Posted to commits@doris.apache.org by yi...@apache.org on 2022/10/31 00:46:52 UTC
[doris] branch branch-1.1-lts updated: [Bug](Vectorized)fix json_object and json_array function return wrong result on vectorized engine (#13729)
This is an automated email from the ASF dual-hosted git repository.
yiguolei pushed a commit to branch branch-1.1-lts
in repository https://gitbox.apache.org/repos/asf/doris.git
The following commit(s) were added to refs/heads/branch-1.1-lts by this push:
new afebb82066 [Bug](Vectorized)fix json_object and json_array function return wrong result on vectorized engine (#13729)

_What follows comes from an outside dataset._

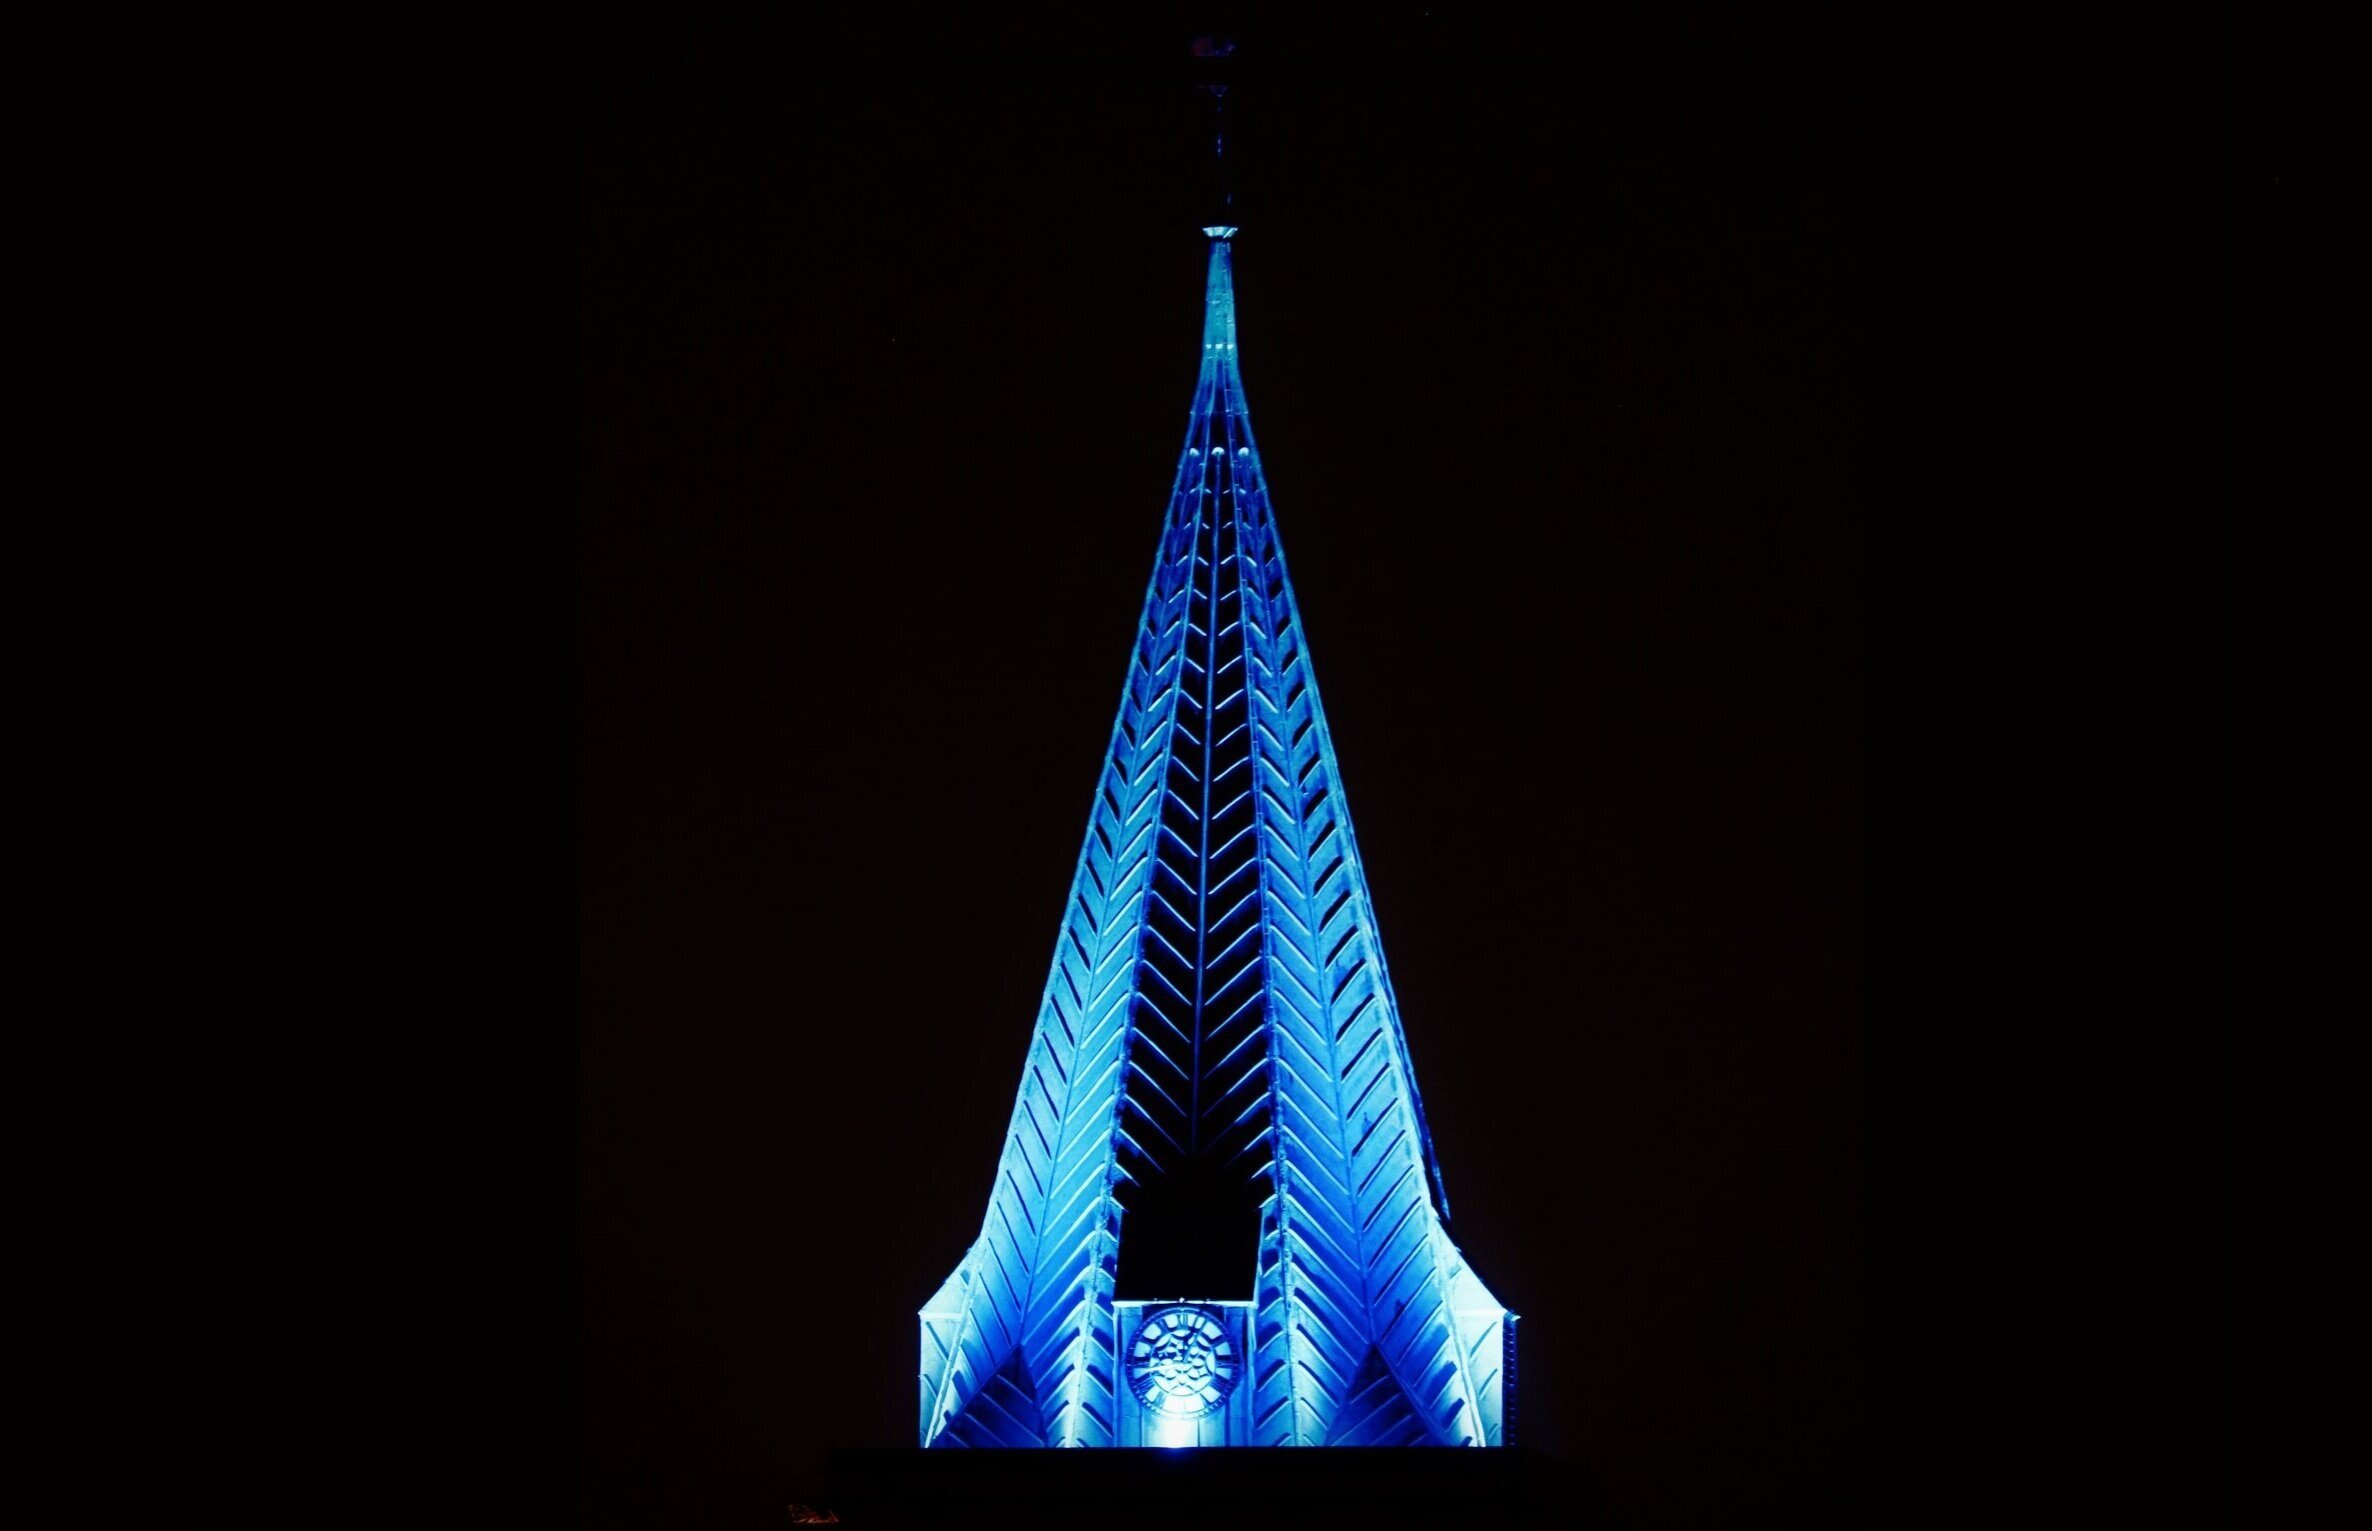 2020-04-07_blue_spire_lighting_photo.jpg

afebb82066 is described below
commit afebb82066eac5439ac08afd24d8d57c1b285f8e
Author: ChPi <ch...@gmail.com>
AuthorDate: Mon Oct 31 08:46:46 2022 +0800
[Bug](Vectorized)fix json_object and json_array function return wrong result on vectorized engine (#13729)
* [Bug][Vectorized] fix json_object and json_array function return wrong result on vectorized engine
Co-authored-by: chenjie <ch...@cecdat.com>
---
be/src/vec/functions/function_json.cpp | 92 ++++++++++++++++++----
gensrc/script/doris_builtins_functions.py | 4 +-
.../json_function/test_query_json_array.out | 15 ++++
.../json_function/test_query_json_object.out | 20 +++--
..._object.groovy => test_query_json_array.groovy} | 31 +++++---
.../json_function/test_query_json_object.groovy | 27 ++++---
6 files changed, 141 insertions(+), 48 deletions(-)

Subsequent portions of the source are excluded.